You say, “Why do you make such an issue out of this?” Because if you're not washed in the blood, you're not going to go to Heaven when you die. You see? I mean, the blood saves! I'll show you some Scriptures after a while. The blood saves! The blood of that lamb, as I will show you after a while, is just as much a part of the salvation of the soul as the death of that lamb is.
First we found that Christ is our what? Our Passover. Now to be our Passover, he had to be a what? Lamb. What sex? Male. Without what? Blemish. He had to be what? Kept and then killed. Then his blood had to be what? Applied on the doorposts. Now, if He is our Passover, all of that has to be done.
I want you to turn to Romans 5:11, “And not only so, but we also joy in God through our Lord Jesus Christ, by whom we have now received the atonement.” So Christ not only is the Passover, but He is the what? The atonement. He is the what? Atonement. Say it again. The what? Atonement. Now, we are going to go learn about the day of atonement. So far we've learned that Christ is our what? Passover. To be the Passover lamb, the lamb had to die and have his blood applied. Is that right? All right, but He is more than that. He is also our atonement.

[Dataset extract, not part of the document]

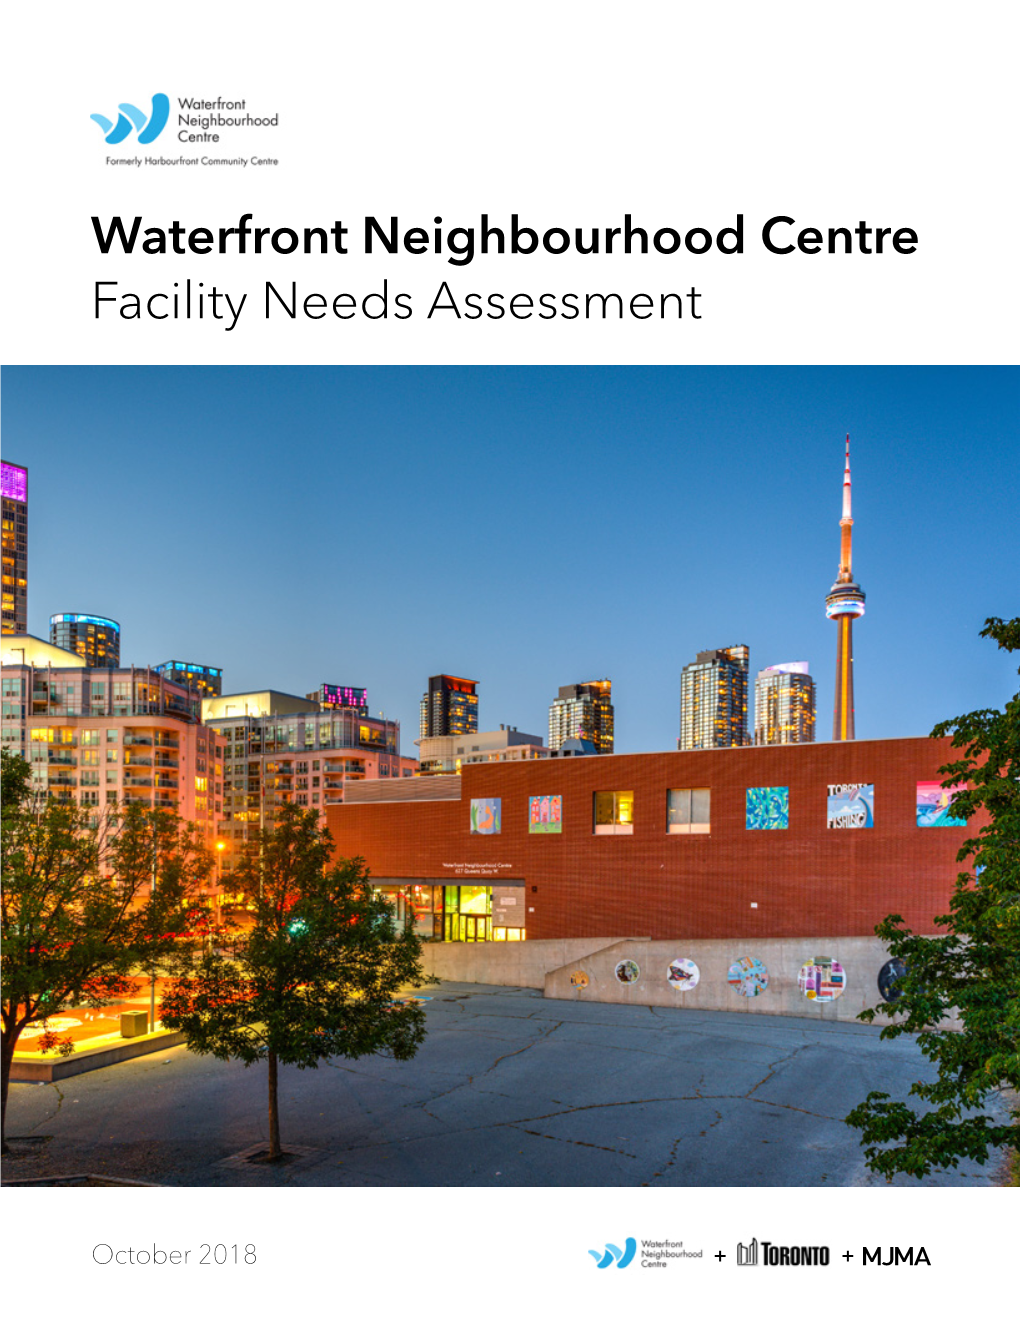 Waterfront Neighbourhood Centre Facility Needs Assessment

Let's go to the day of atonement in the Old Testament. Turn to the book of Leviticus. We haven't got time to read about all of these rituals, but I want to pick out some key places. Under the heading, “CHAPTER 16,” in your Scofield Bible, it says the day of what? Atonement. It happened once a year. Look at it now. Leviticus 16:3, “Thus shall Aaron come into the holy place: with a young bullock for a sin-offering, and a ram for a burnt-offering.” Now, look down to verse 6 and we'll see what he did with that bullock. “And Aaron shall offer his bullock of the sin-offering, which is for himself, and make an atonement for himself, and for his house.” Look at verse 14, “And he shall take of the blood of the bullock, and sprinkle it with his finger upon the mercy seat eastward; and before the mercy seat shall he sprinkle of the blood with his finger seven times.”

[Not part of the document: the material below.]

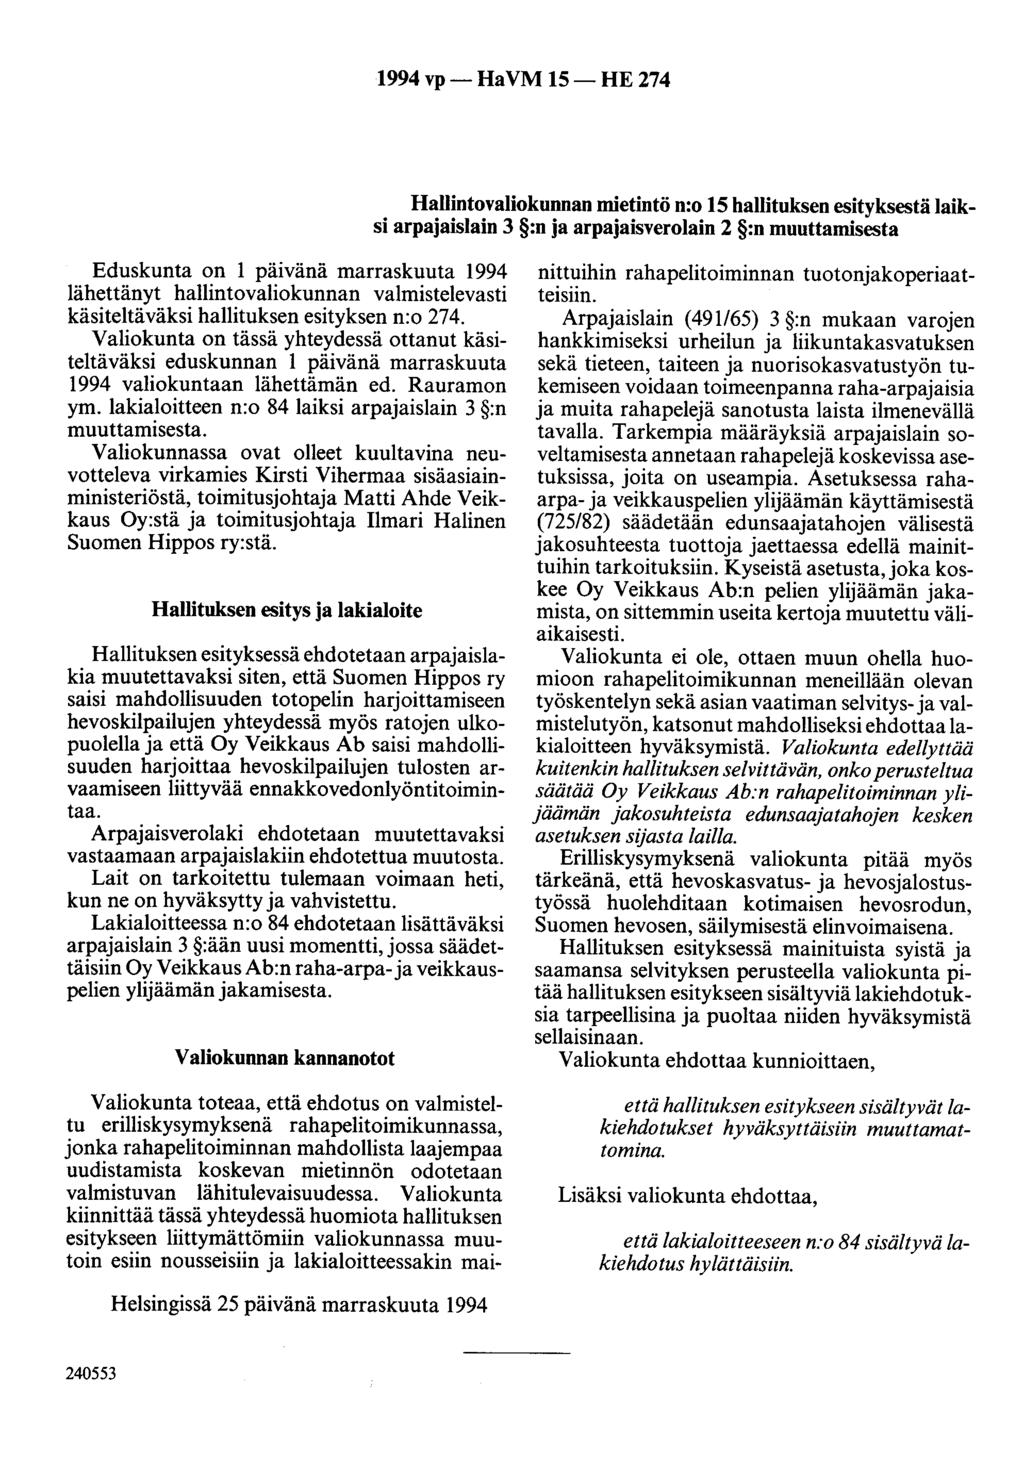 1994 vp- HaVM 15-HE 274 Hallintovaliokunnan mietintö n:o 15 hallituksen esityksestä laiksi arpajaislain 3 :n ja arpajaisverolain 2 :n muuttamisesta Eduskunta on 1 päivänä marraskuuta 1994 lähettänyt

Follow me very carefully. We're going to let this platform represent the tabernacle. Now there are only two places I want you to notice tonight: One is out here in the court of the tabernacle; that's the place where the lamb was slain; that's the brazen altar. Now, on the day of atonement a bullock was slain on the brazen altar. There is a curtain that leads into a good-sized room, 15' x 30', and there are three pieces of furniture in that room. Then you go on to the second curtain called the “inner veil.” Inside that is a second room, 15' x 15'. Inside that second room is what was called the “mercy seat,” which was the top of the ark of the covenant. Nobody could go inside that room but one man, and that was the high priest, and he could go only one day a year. That is the day we are talking about—the day of atonement.
Who is our atonement? Jesus. Jesus is our what? Atonement. He is also our what? Passover. All right, on the day of atonement the high priest would take the blood of the bullock that was killed and place the blood of that bullock in a basin. That blood was taken by the high priest into the first room and then on into the second room where God's very presence dwelt above that mercy seat. Seven times he would sprinkle blood on that mercy seat. That blood on that mercy seat was there in the presence of God's Shekinah glory—the presence of God Himself.
*NOTE BY DAVID J. STEWART: I love Brother Hyles and he is unquestionably my favorite preacher, but he mentions the "SHEkinah Glory" in this sermon (see above paragraph), which is Satanic in origin. No doubt, brother Hyles learned the term from the Scofield Reference Bible; however, the term refers to the feminine aspect of God in Kaballah, the Talmud and Judaism. The Holy Bible DOESN'T teach a female aspect of God. The term "Shekinah" is not mentioned even once in the King James Bible. The glory of God over the Mercy Seat is NOT the Shekinah! Brother Hyles taught his preacher boys, including me, to be loyal to truth and principle, and not to men or institutions. The heresy of Zionism has crept into many churches. Modern manmade Israel is NOT the fulfillment of Bible prophecy. Amen and amen!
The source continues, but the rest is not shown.